Armenia - A woman votes in a polling station in Yerevan, 6Dec2015.
Armenia - A woman votes in a polling station in Yerevan, 6Dec2015.

A prosecutor demanded on Friday a suspended two-year prison sentence for the only Armenian official who has been prosecuted so far in connection with serious fraud reported before and during last month’s constitutional referendum.

Zaven Mirijanian, a local government official in Yerevan’s central administrative district, was arrested in late November for allegedly attempting to bribe an opposition member of an election commission into turning a blind eye into a miscounting of ballots to be cast in the December 6 vote.

The opposition Armenian National Congress (HAK) presented prosecutors with purported video evidence of the bribery attempt.

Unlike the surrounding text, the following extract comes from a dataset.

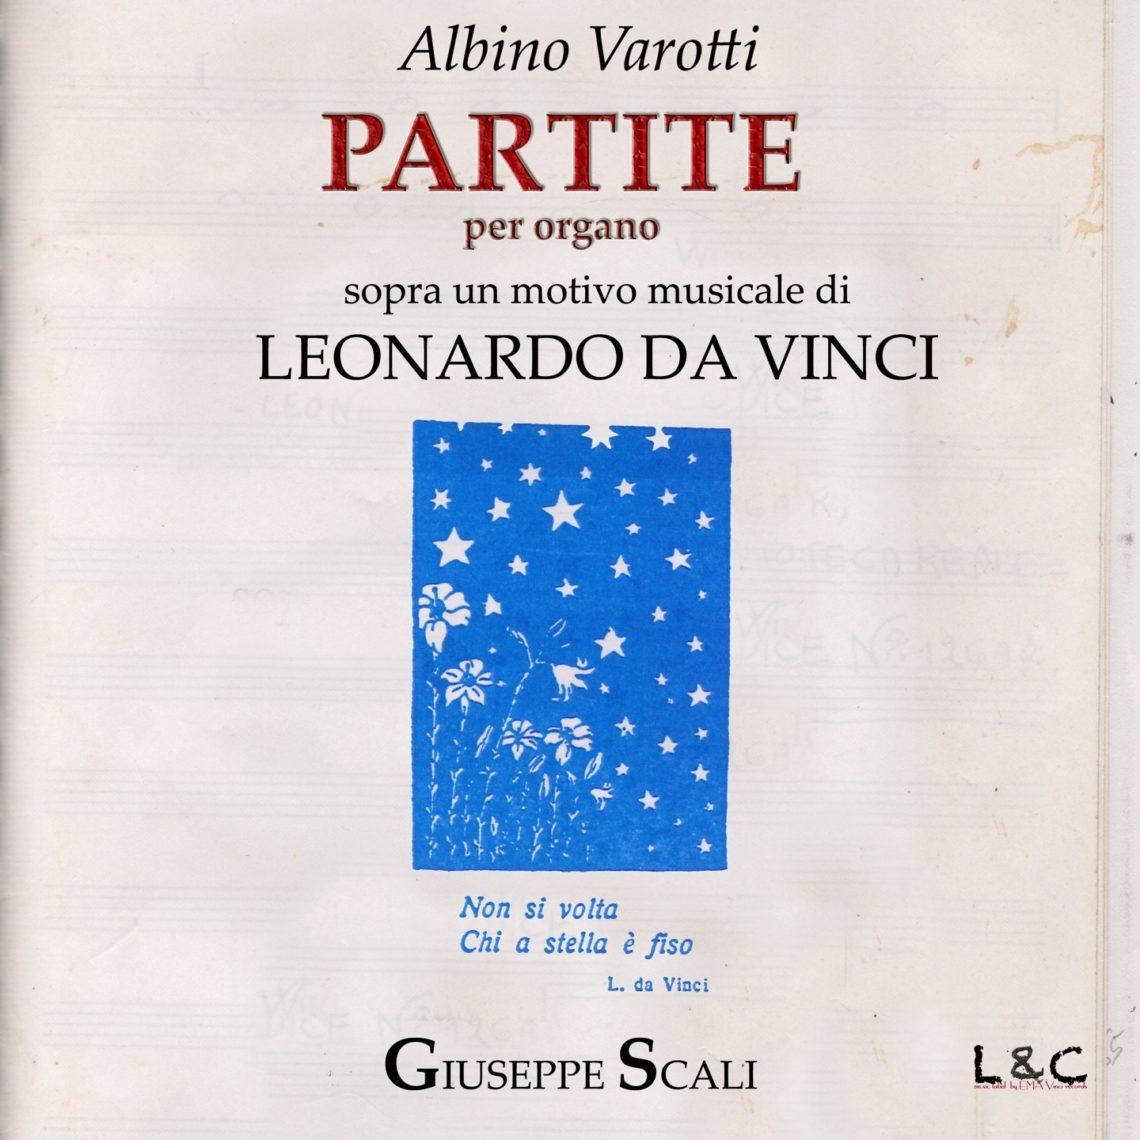 Partite sopra un motivo musicale di Leonardo Da Vinci – Varotti Albino / Giuseppe Scali organo

Mirijanian went on trial on Friday, pleading guilty to the accusation that he offered the commission member affiliated with the HAK to leave a polling station during the ballot count in return for 100,000 drams ($207) in cash. The suspended jail term demanded by a trial prosecutor afterwards means that he will almost certainly avoid imprisonment.

Levon Zurabian, the HAK’s deputy chairman, said the opposition party would appeal against such a verdict. Zurabian also complained that the 30-minute trial was held under a so-called “accelerated procedure” not involving cross-examination of witnesses and evidence. He said the court thus avoided trying to find out who ordered Mirijanian to bribe the HAK representative.

“Clearly, if they had properly investigated this case they would have had to point the finger at [President] Serzh Sarkisian because Serzh Sarkisian was the main organizer of those widespread falsifications,” Zurabian told RFE/RL’s Armenian service (Azatutyun.am).

The HAK and several other opposition parties claim that the authorities rigged the referendum results to enact controversial amendments to the Armenian constitution widely seen as important for Sarkisian’s political future. Their allegations have been echoed by Armenian civic groups that monitored the referendum. The Armenian authorities insist, however, that the vote was free and free.

Both the EU and the United States have urged the authorities to properly investigate the “credible” allegations. They have warned that failure to do so would compromise the legitimacy of the official referendum results showing a “Yes” vote for Sarkisian’s constitutional changes.

Armenian law-enforcement bodies say they have investigated more than 480 fraud reports and opened over 50 criminal cases in connection with them. Mirijanian is the only person known to have been arrested and prosecuted as a result.